Однажды вечером на улице Коленкур, когда мы кончили обедать, вдруг за окнами послышались крики. Над кустами шиповника клубился дым. Скоро стал виден и огонь: пламя словно перескакивало от одной халупы к другой. Горел Маки. Жители суетились в растерянности, пытаясь спасти свои пожитки. Столы, стулья, матрацы, зеркала грудой заполняли улицу, мешая пожарным работать. Куры, козы, кролики удирали по тротуару. Скоро весь Маки превратился в огромный костер. Консьержка пришла нам передать распоряжение пожарных затворить железные ставни на окнах. Огонь так пылал, что могли загореться дома на нашей стороне улицы. Отец решил отвести нас ночевать в мастерскую. Но улица была так загромождена, что полицейские запретили жителям выходить из домов. Пришлось остаться. Сквозь щели в ставнях мы могли видеть только красное зарево пожара, слышать глухой рев огня и крики толпы. На следующий день Маки представляли груду дымящихся развалин. Через несколько недель площадь перепахали машины. Были только что изобретены железобетонные сваи, позволявшие возводить высокие здания там, где неустойчивый грунт допускал прежде лишь легкие строения. У жителей Маки были долгосрочные арендные договоры, хотя плату они вносили ничтожную. Там был пункт, согласно которому права на участки аннулировались только в случае их гибели при стихийном бедствии. Бетонные сваи не давали спать спекулянтам… Но жители Маки держались крепко и отказывались уйти со своих мест. Им предлагали компенсацию. Не помогло! Они были привязаны к своей дощатой деревеньке в розах. Случайный пожар пришелся кстати. Мы уехали на юг, а когда, возвратились — шестиэтажные дома уже ждали квартирантов. Улица Коленкур, как и прочие улицы Парижа, походила на колодец.
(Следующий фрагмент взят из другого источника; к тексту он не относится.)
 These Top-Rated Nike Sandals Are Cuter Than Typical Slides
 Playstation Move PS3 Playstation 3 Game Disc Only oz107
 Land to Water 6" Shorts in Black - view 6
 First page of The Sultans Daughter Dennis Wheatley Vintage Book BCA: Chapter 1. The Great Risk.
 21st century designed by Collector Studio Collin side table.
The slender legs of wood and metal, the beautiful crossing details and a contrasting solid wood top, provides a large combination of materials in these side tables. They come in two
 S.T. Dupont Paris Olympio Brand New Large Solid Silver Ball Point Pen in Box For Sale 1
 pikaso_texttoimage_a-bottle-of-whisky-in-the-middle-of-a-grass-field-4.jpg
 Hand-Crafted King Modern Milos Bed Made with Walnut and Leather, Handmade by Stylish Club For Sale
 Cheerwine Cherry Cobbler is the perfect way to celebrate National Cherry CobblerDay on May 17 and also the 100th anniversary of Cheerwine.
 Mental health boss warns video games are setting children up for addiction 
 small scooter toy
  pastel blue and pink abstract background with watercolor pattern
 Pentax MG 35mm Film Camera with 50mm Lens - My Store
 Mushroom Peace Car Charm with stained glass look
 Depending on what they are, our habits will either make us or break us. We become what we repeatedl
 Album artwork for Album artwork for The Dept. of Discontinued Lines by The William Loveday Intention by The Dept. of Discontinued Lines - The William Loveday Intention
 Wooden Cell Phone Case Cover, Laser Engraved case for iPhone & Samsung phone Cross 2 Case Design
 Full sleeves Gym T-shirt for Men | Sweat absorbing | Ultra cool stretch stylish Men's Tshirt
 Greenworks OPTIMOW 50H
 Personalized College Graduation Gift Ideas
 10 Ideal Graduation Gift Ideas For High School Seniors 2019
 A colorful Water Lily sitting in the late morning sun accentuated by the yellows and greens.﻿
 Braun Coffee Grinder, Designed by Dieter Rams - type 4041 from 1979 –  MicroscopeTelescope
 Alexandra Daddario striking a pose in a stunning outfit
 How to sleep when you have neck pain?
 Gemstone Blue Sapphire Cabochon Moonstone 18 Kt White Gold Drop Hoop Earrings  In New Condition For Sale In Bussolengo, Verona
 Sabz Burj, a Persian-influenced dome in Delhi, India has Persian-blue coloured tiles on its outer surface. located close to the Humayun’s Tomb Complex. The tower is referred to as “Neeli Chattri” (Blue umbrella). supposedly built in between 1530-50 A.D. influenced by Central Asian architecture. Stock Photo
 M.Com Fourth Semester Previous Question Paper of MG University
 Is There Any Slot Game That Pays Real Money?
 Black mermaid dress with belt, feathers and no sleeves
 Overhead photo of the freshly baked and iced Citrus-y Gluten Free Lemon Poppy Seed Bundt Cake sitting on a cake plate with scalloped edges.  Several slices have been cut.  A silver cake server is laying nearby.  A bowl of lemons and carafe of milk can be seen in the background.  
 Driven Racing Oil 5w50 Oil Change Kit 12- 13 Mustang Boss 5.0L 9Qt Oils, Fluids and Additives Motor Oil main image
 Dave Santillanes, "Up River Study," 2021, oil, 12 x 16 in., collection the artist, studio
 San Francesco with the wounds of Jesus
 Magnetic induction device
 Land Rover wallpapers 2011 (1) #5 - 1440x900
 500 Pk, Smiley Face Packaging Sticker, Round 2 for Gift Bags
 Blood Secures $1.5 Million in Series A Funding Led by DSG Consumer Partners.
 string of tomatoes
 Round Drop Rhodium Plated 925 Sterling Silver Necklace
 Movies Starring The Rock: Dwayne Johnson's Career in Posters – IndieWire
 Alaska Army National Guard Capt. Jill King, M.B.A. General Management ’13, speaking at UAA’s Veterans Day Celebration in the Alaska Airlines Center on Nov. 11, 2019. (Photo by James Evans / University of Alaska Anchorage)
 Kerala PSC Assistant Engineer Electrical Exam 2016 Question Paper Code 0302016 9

Великая драма жизни Ренуара продолжала развиваться. Каждый ее эпизод знаменовал ухудшение. Паралич продвигался толчками, резко; так, в один злополучный день ему пришлось воспользоваться двумя палками вместо одной. Затем, по мере того как деформировались пальцы, Ренуару пришлось отказаться сначала от бильбоке, потом от поленца. В 1901 году он возложил все надежды на лечение в Экс-ле-Бэн. Это был год рождения маленького Клода. Роды проходили в Эссуа, где я оставался с матерью. Габриэль было поручено сопровождать патрона и следить за тем, чтобы он соблюдал режим. Ренуар вернулся, опираясь на палки, ступая еще тяжелее, чем прежде. Он расстался с ними, чтобы перейти на костыли. В 1904 году смутные надежды привели его в Бурбонн-ле-Бэн.

Это место, не похожее на обычные курорты и сохранившее облик большой деревни, со всеми характерными чертами поселений восточной Франции, нравилось Ренуару: оно походило на Эссуа с вкрапленными тут и там городскими штришками. Дома были сложены из камня неправильной формы, крыши покрыты, как в Бургундии, черепицей. По улицам разгуливали коровы. Ванны размещались в старом красивом здании, в тенистом парке росли вековые деревья. Увы! — все средства оказывались недейственными. Он закончил курс, не ощутив ни малейшего облегчения.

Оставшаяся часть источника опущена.